0

I am getting an exception attempting to parse the # character using Tatsu:

import tatsu

grammar = r'''
@@comments :: //
@@eol_comments :: //

start = '#' ;
'''

print(tatsu.__version__)

parser = tatsu.compile(grammar)
ast = parser.parse('#', trace=True)
5.8.3
↙start ~1:1
#
≢'#' 
≢start ~1:1
#

...

tatsu.exceptions.FailedToken: (1:1) expecting '#' :
#
^
start

If I change the # to a in both the grammar and the text then it is successful. I think the issue might be that # indicates a grammar comment in Tatsu, but I'm not sure how to escape it.

Patrick
  • 147
  • 1
  • 15

2 Answers2

0

The problem here is that config.eol_comments_re is not being overridden with the @@eol_comments definition.

Could you post an issue for this problem at https://github.com/neogeny/TatSu/issues?

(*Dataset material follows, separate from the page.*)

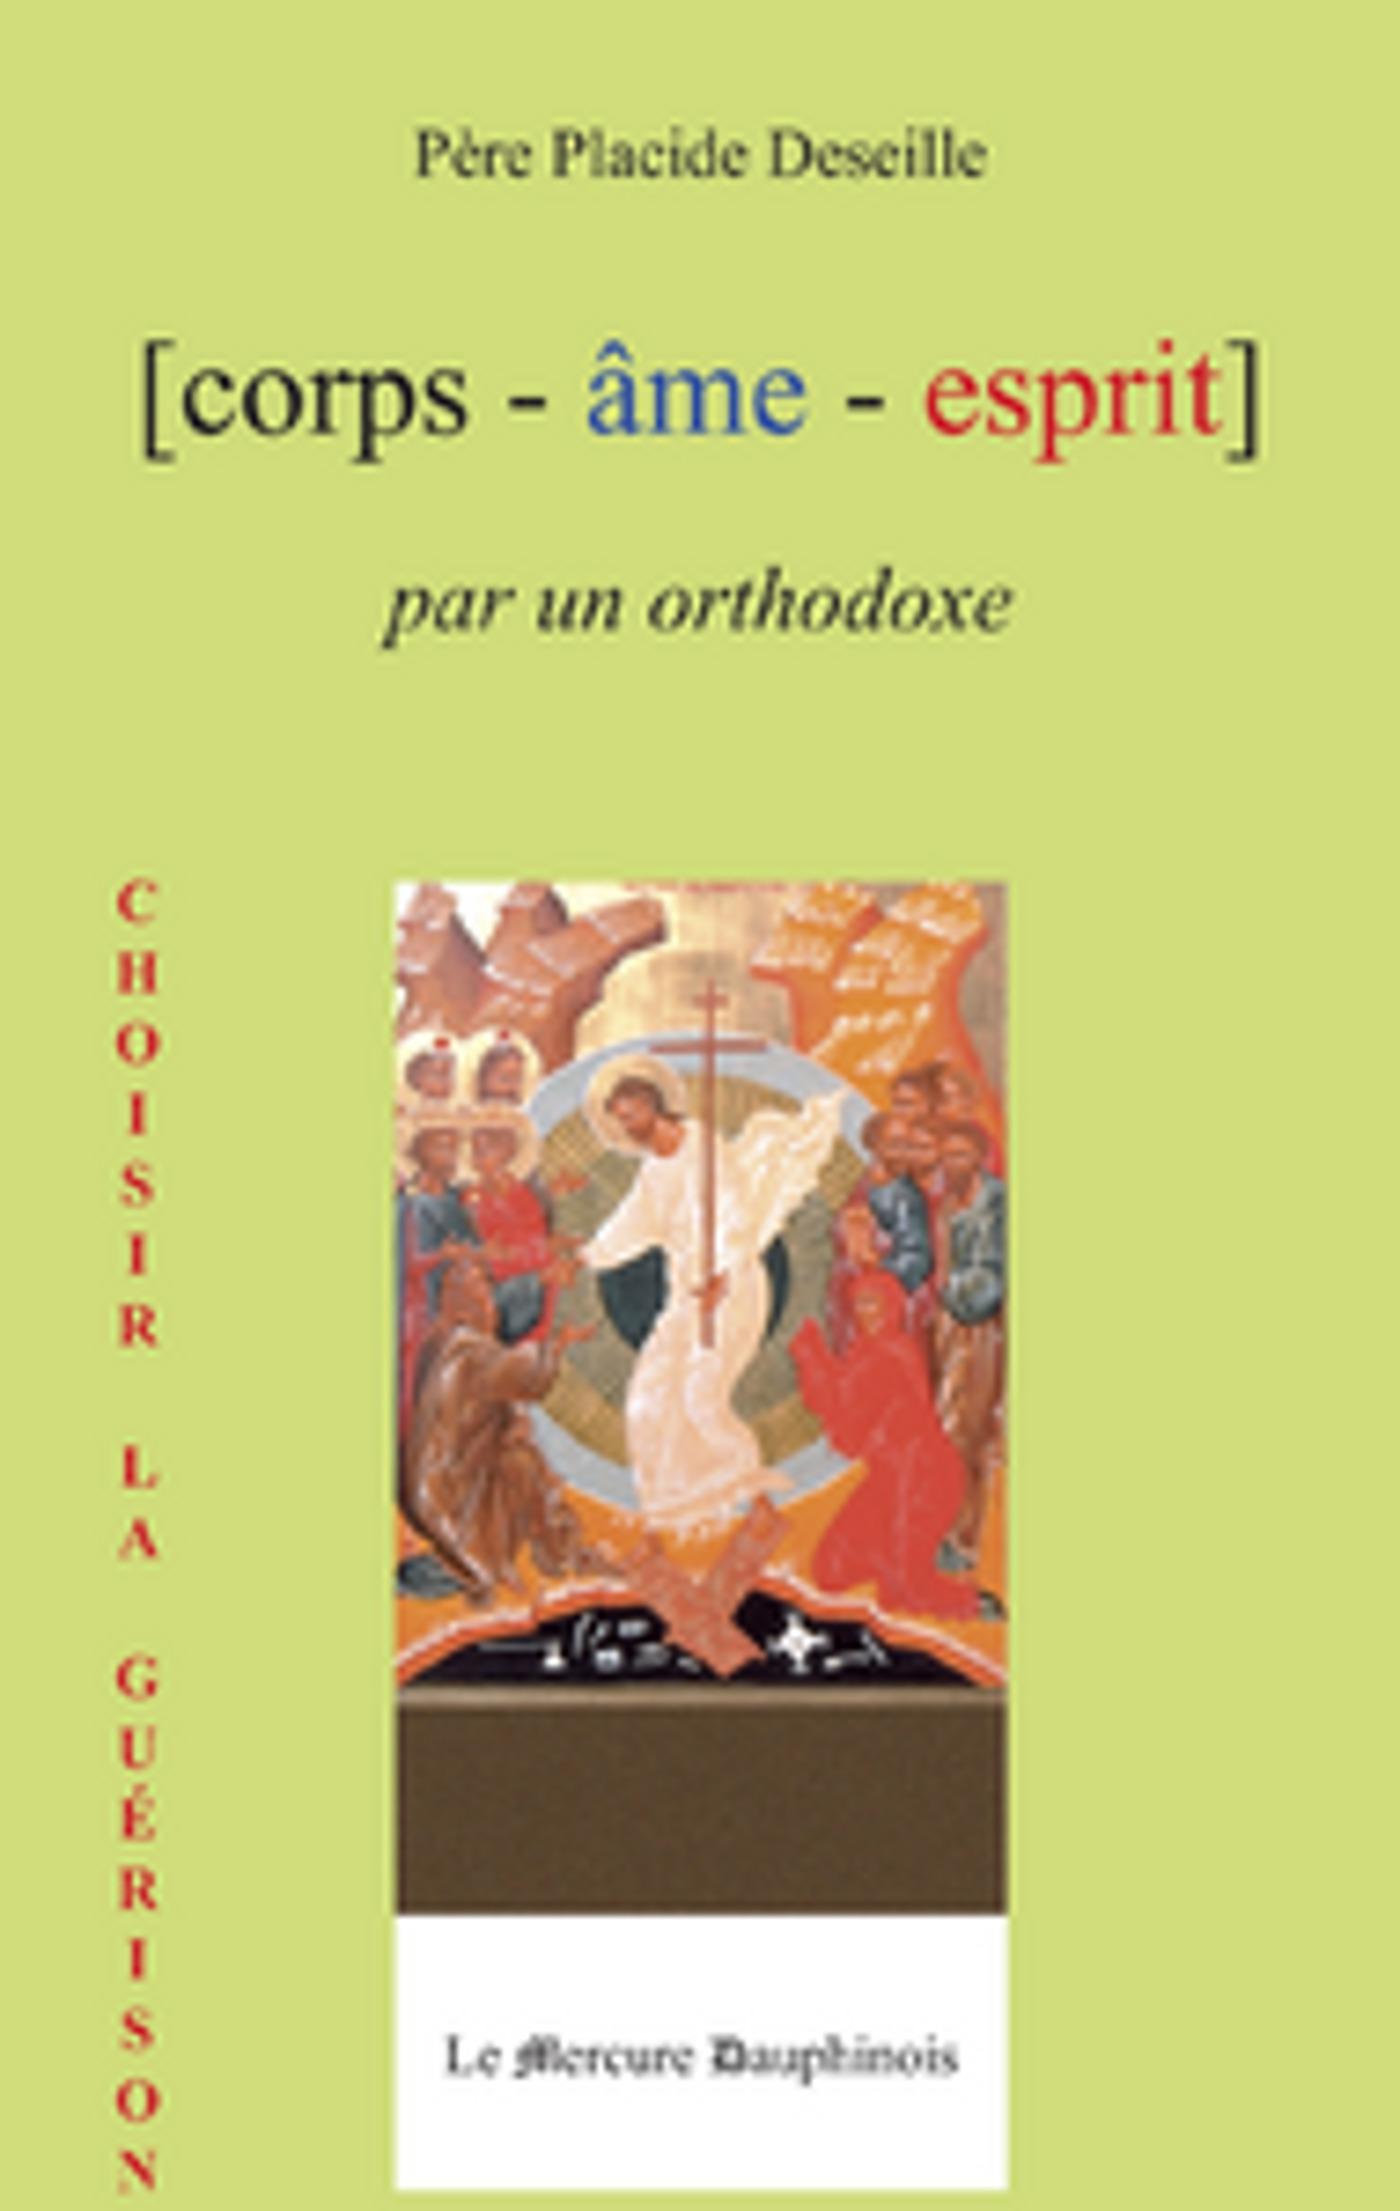 Corps - âme - esprit par un orthodoxe

The other problem is that comments should not be checked while parsing a '' token.

Apalala
  • 9,017
  • 3
  • 30
  • 48
0

I researched this problem today for a long while, and found much room for improvement in TatSu.

Yet the conclusion is that // is a valid regex that matches zero input.

The solution in your case is to set the comments to strings you don't expect to find in the input:

    grammar = r'''
        @@comments :: /@@@@@@@/
        @@eol_comments :: /@@@@@@@/

        start = '#' ;
    '''

https://github.com/neogeny/TatSu/issues/303

Apalala
  • 9,017
  • 3
  • 30
  • 48